The Python crawler realizes the example function of grasping the information of JD store and downloading pictures
- 2020-12-07 04:05:48
- OfStack
The example of this paper describes the Python crawler to capture the information of JINGdong store and download pictures. To share for your reference, the details are as follows:
This is grabbing the information
from bs4 import BeautifulSoup
import requests
url = 'https://list.tmall.com/search_product.htm?q=%CB%AE%BA%F8+%C9%D5%CB%AE&type=p&vmarket=&spm=875.7931836%2FA.a2227oh.d100&from=mallfp..pc_1_searchbutton'
response = requests.get(url) # Parse web pages
soup = BeautifulSoup(response.text,'lxml') #.text Will parse to the web page readable
storenames = soup.select('#J_ItemList > div > div > p.productTitle > a') # Select the store information
prices = soup.select('#J_ItemList > div > div > p.productPrice > em') # Select the price information
sales = soup.select('#J_ItemList > div > div > p.productStatus > span > em') # Select the sales information
for storename, price, sale in zip(storenames,prices,sales):
storename = storename.get_text().strip() # with get_text() Method to filter the text information in the tag, because the filter result has a newline character \n So use strip() Remove the newline character
price = price.get_text()
sale = sale.get_text()
print(' The shop name :%-40s The price :%-40s sales :%s'%(storename,price,sale)) # Specification of printed information
print('----------------------------------------------------------------------------------------------')

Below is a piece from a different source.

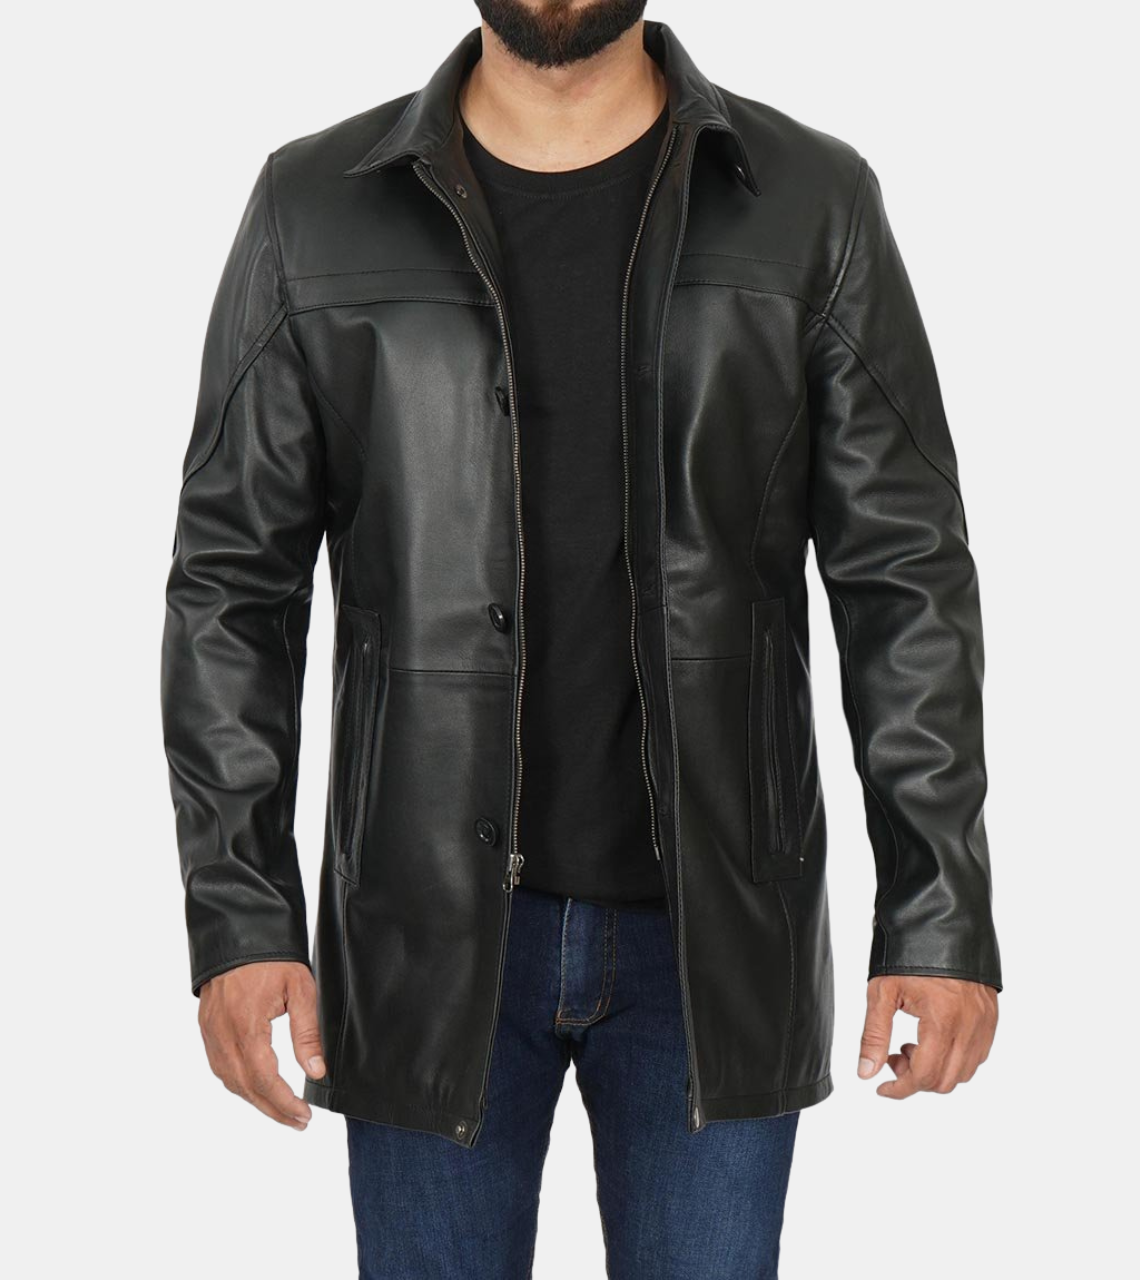 Corbin Black Waxed Leather Coat For Men's

This is for downloading pictures
from bs4 import BeautifulSoup
import requests
import urllib.request
url = 'https://list.tmall.com/search_product.htm?q=%CB%AE%BA%F8+%C9%D5%CB%AE&type=p&vmarket=&spm=875.7931836%2FA.a2227oh.d100&from=mallfp..pc_1_searchbutton'
response = requests.get(url)
soup = BeautifulSoup(response.text, 'lxml')
imgs = soup.select('#J_ItemList > div > div > div.productImg-wrap > a > img')
a = 1
for i in imgs:
if(i.get('src')==None):
break
img = 'http:'+i.get('src') # It's been a long time since the original site had to be there http The:
#print(img)
urllib.request.urlretrieve(img,'%s.jpg'%a, None,)
a = a+1
ps:
1. Use css when selecting information
2. Use
get_text()
Method To filter the text information in the tag
3.
strip
.
lstrip
.
rstrip
Usage:
In the Python
strip
The first and last characters used to remove strings; In the same way,
lstrip
Used to remove characters on the left;
rstrip
Used to remove characters on the right.
Each of the three functions can pass in an argument that specifies the first and last characters to be removed.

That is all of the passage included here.